Trata-se de um conhecimento meramente superficial que não caracteriza de
fato aquilo que lhe era desconhecido. Por isso, contradições nos
enfoques se fazem presentes, sendo o índio, muitas vezes, elogiado e, ao
mesmo tempo, chamado de selvagem (aquele que habita a selva), mas também
de canalha e de muitos adjetivos negativos que em nada contribuíram para
entender o habitante da terra. O canibalismo,
por exemplo, não era visto pelos europeus como um ritual em que só
os inimigos corajosos eram devorados, em situações especiais, sendo em
muitos relatos visto como algo costumeiro, violento e banal.
Houve
o imperativo da legitimação da posse, isso porque ao real descoberto
(sem-sentido), colocavam-se prementes a fantasia (imaginação) e,
enquanto legitimação da posse (imaginário), a ideologia (imaginário).

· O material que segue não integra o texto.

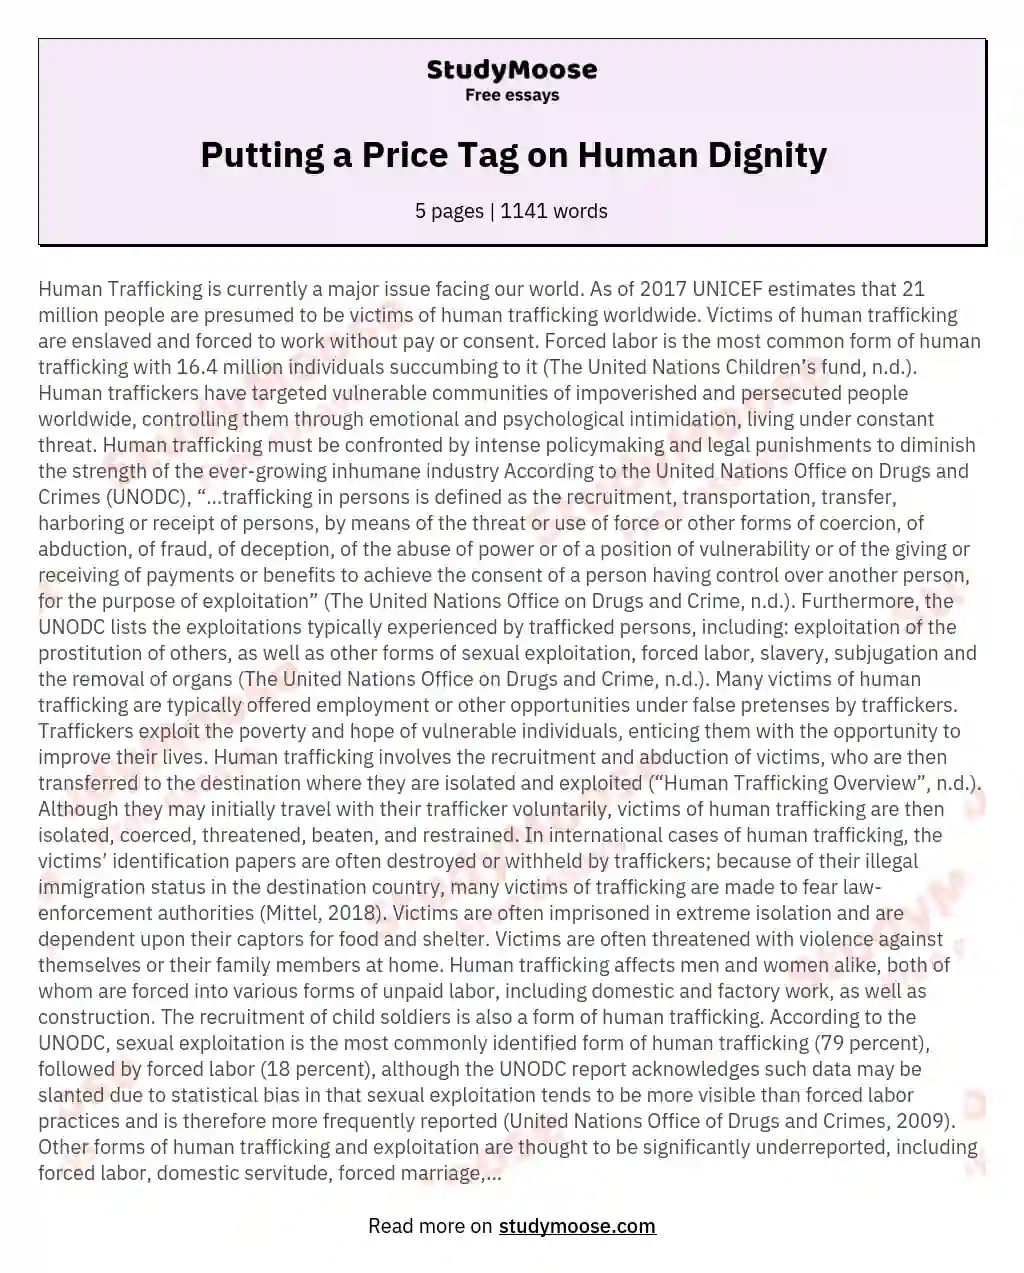 Putting a Price Tag on Human Dignity essay

Em Discurso de Fundação (2003), organizado por Eni Orlandi, há a
seguinte afirmação:
Todo
o percurso em busca do Eldorado é uma relação com a loucura, com a
conquista, com os sentidos do sem-sentido. Romper com o Velho Mundo e
instalar o Novo a partir “ daquilo” que encontravam. Nomes eram dados
arbitrariamente, assim como eram arbitrários os limites que impunham ao
acaso para ter um “ país” configurado: as terras da margem esquerda
pertencem ao país, as da margem direita, não. Porque dar sentido é
construir limites, é desenvolver domínios, é descobrir sítios de
significância, é tornar possíveis gestos de interpretação. ( p.15)
As
narrativas dos viajantes,assim, no início de nossa colonização,
constituem relatos preciosos que explicitam o olhar etnocêntrico europeu
diante do desconhecido. A noção de classificação e a absolutização
dos lugares enunciativos, ancoravam-se em discursos legitimadores em que o
dissenso e a fragmentação eram banidos em nome da ordem e da exclusão.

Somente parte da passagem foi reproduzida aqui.